**DATASET EXCERPT**
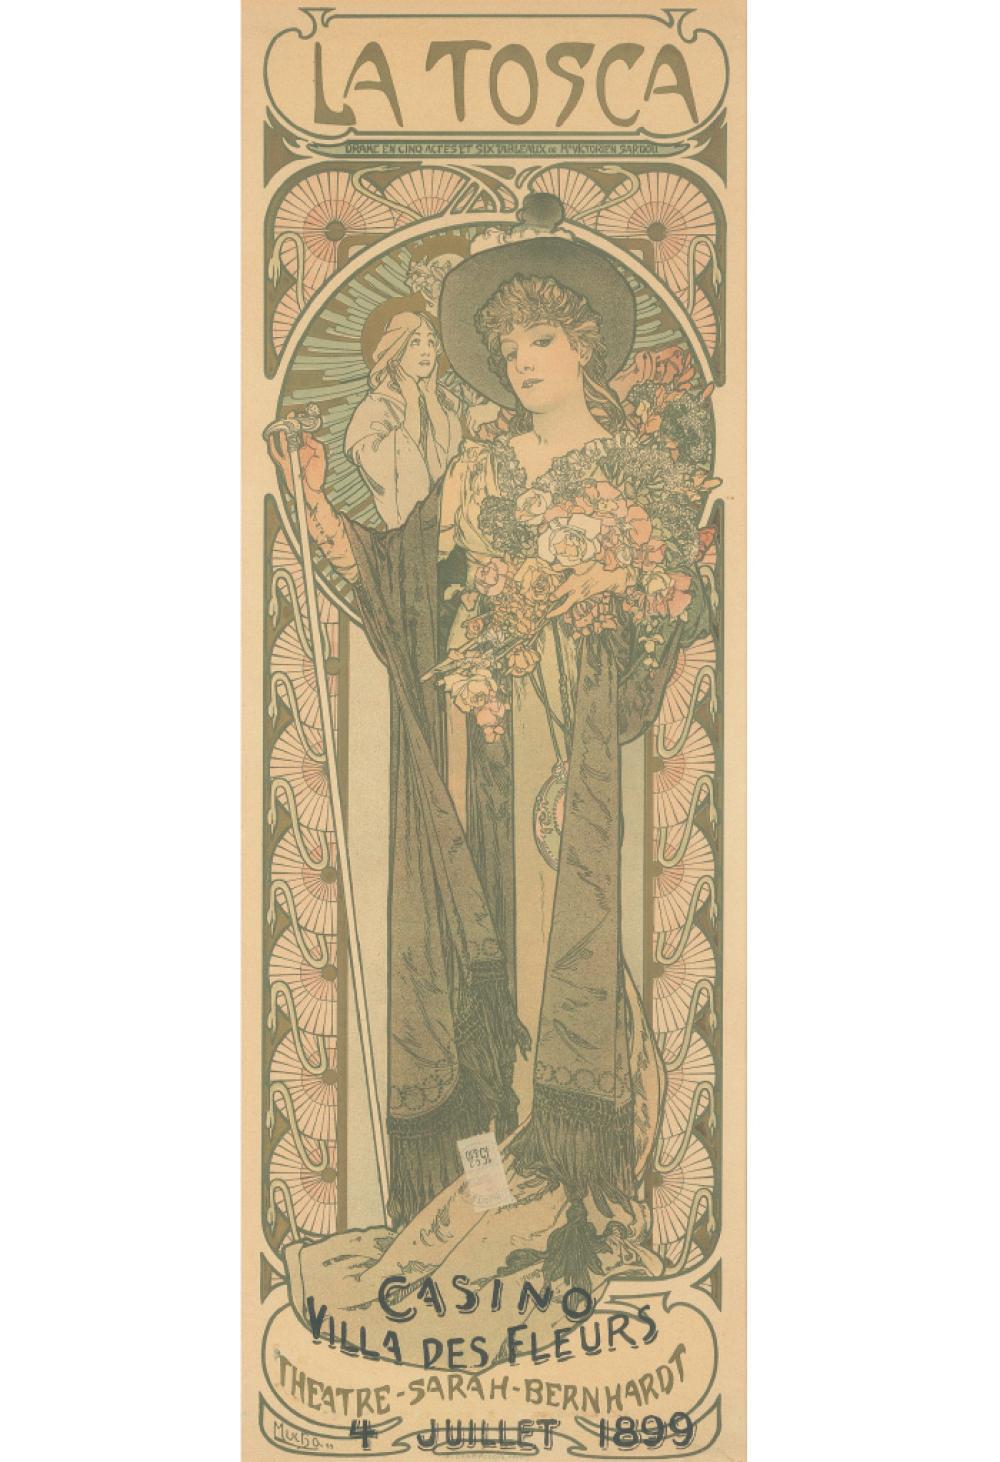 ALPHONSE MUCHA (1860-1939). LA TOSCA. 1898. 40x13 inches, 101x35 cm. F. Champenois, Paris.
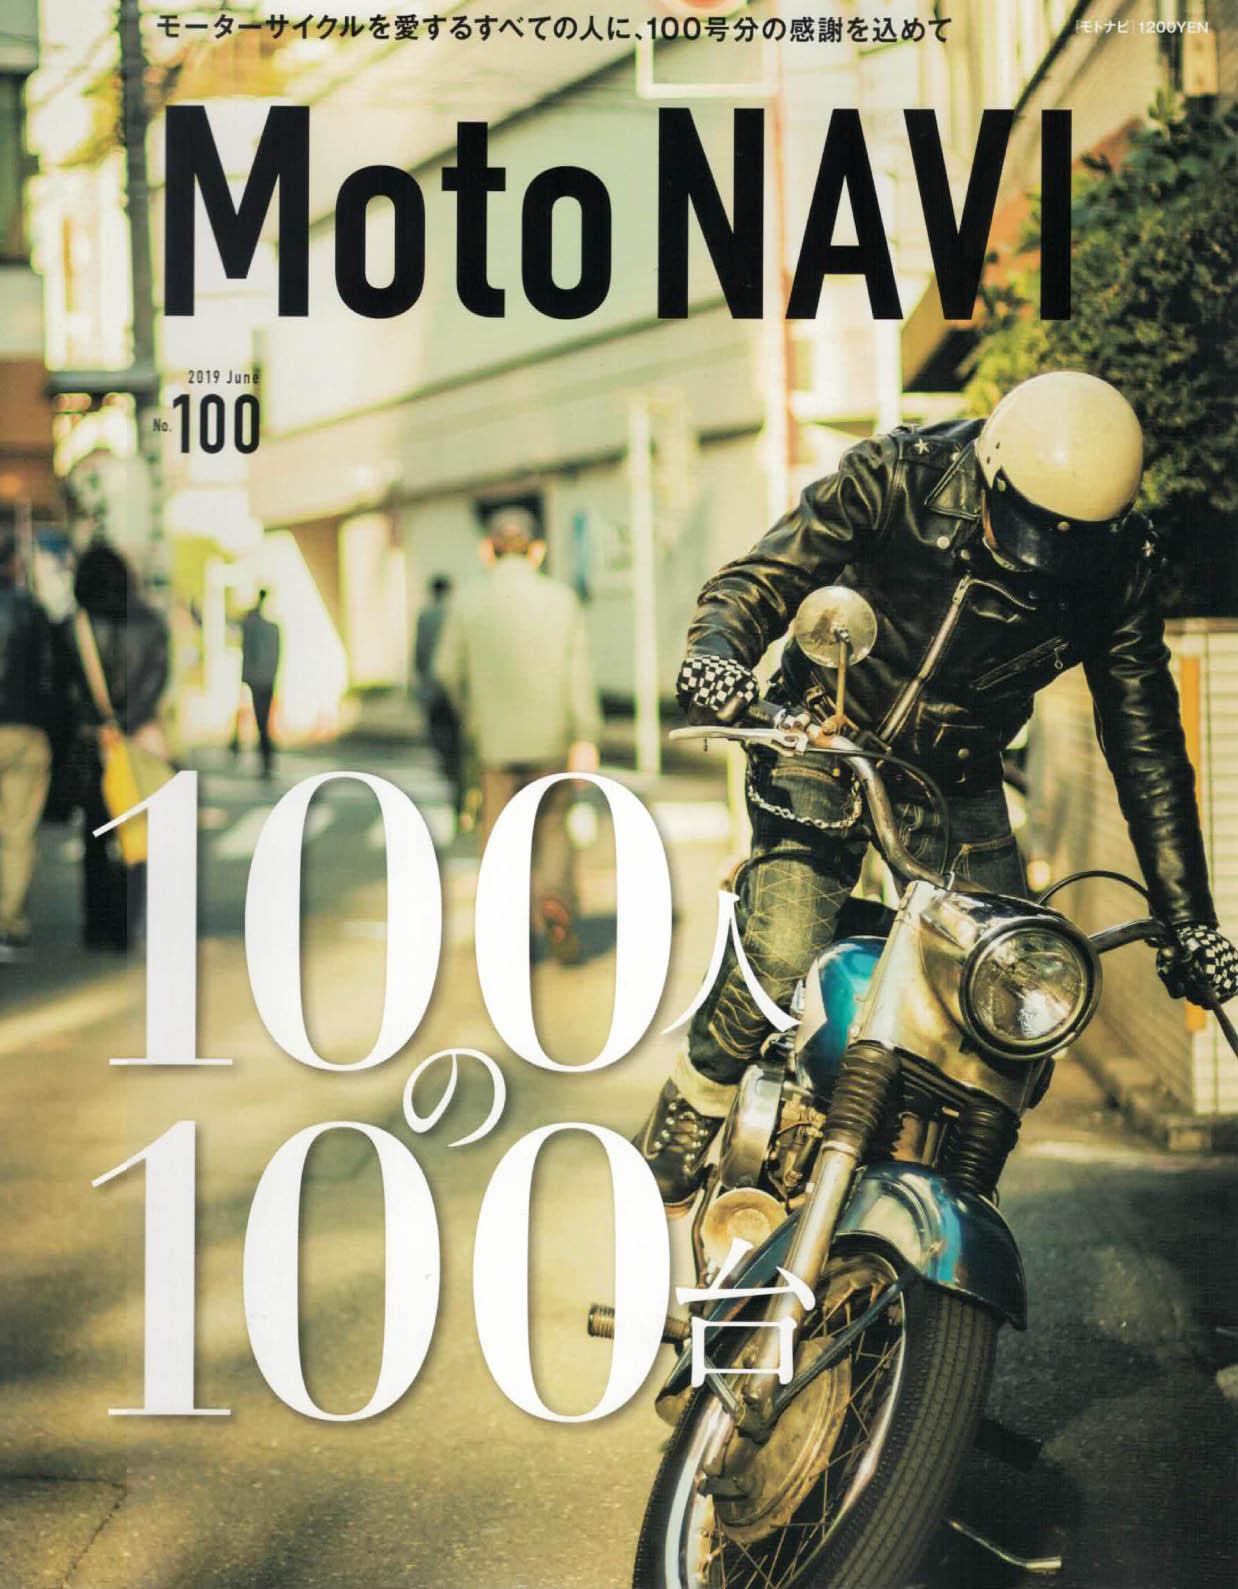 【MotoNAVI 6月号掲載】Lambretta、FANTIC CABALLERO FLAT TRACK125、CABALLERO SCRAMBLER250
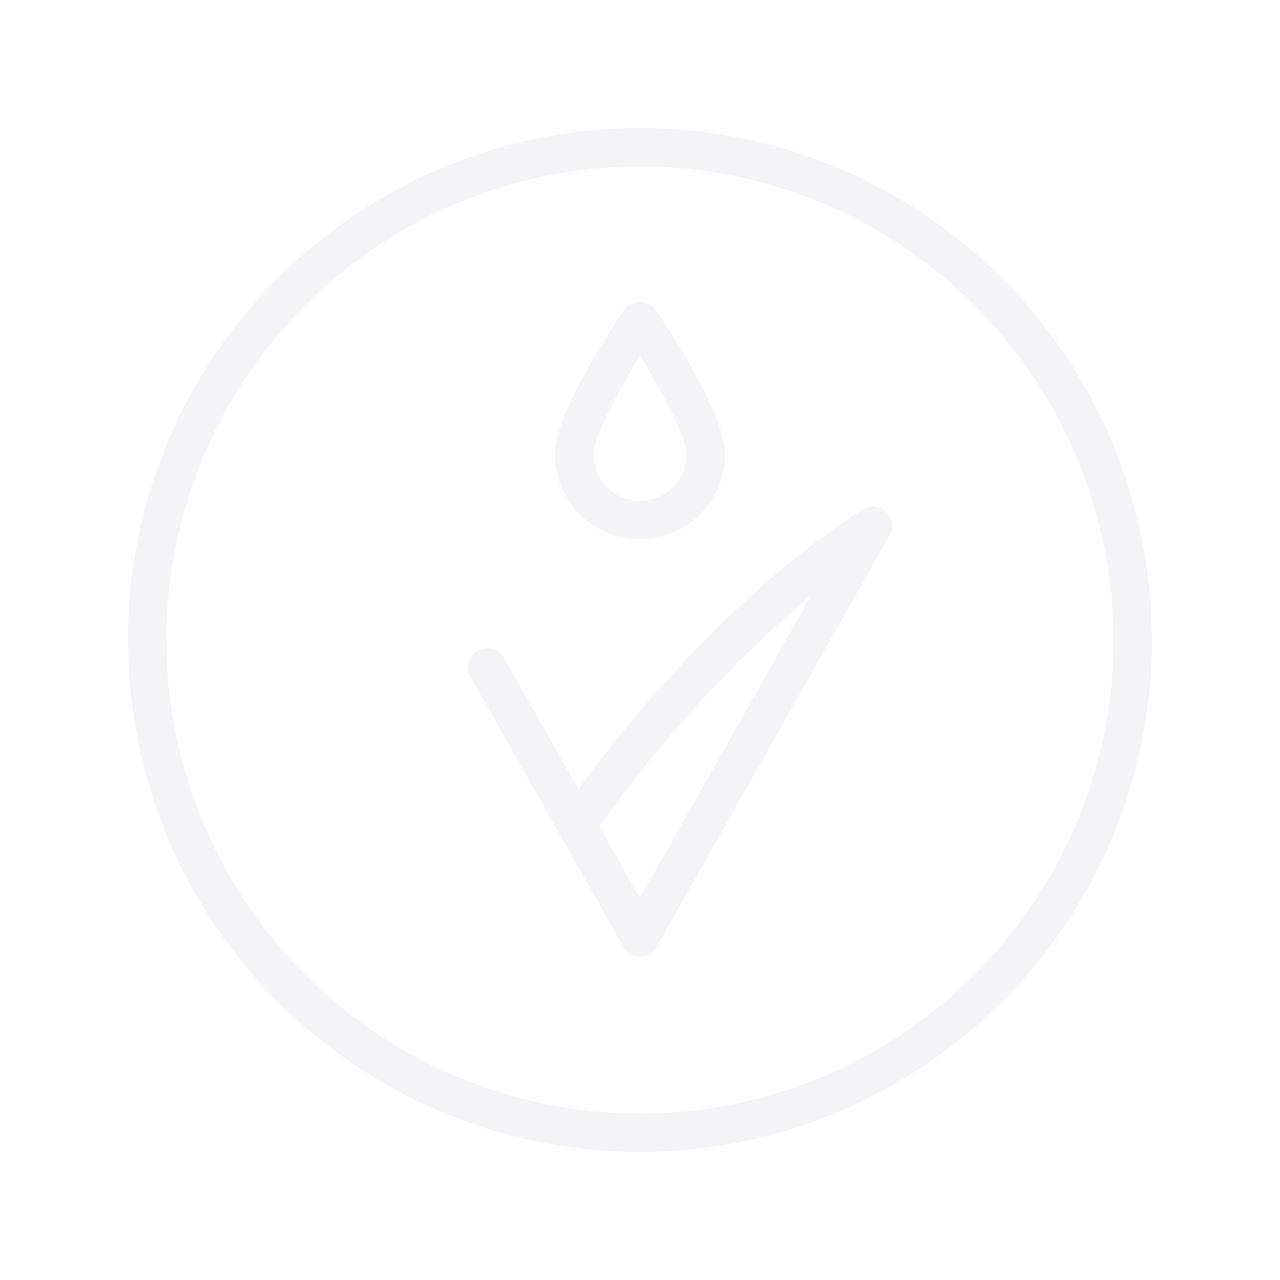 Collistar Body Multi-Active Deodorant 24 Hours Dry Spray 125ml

**EXERCISE OBJECTIVE**
The pictures should not be reproduced; quote all of the other material exactly.

**EXPECTED ANSWER**
 ALPHONSE MUCHA (1860-1939). LA TOSCA. 1898. 40x13 inches, 101x35 cm. F. Champenois, Paris.
 【MotoNAVI 6月号掲載】Lambretta、FANTIC CABALLERO FLAT TRACK125、CABALLERO SCRAMBLER250
 Collistar Body Multi-Active Deodorant 24 Hours Dry Spray 125ml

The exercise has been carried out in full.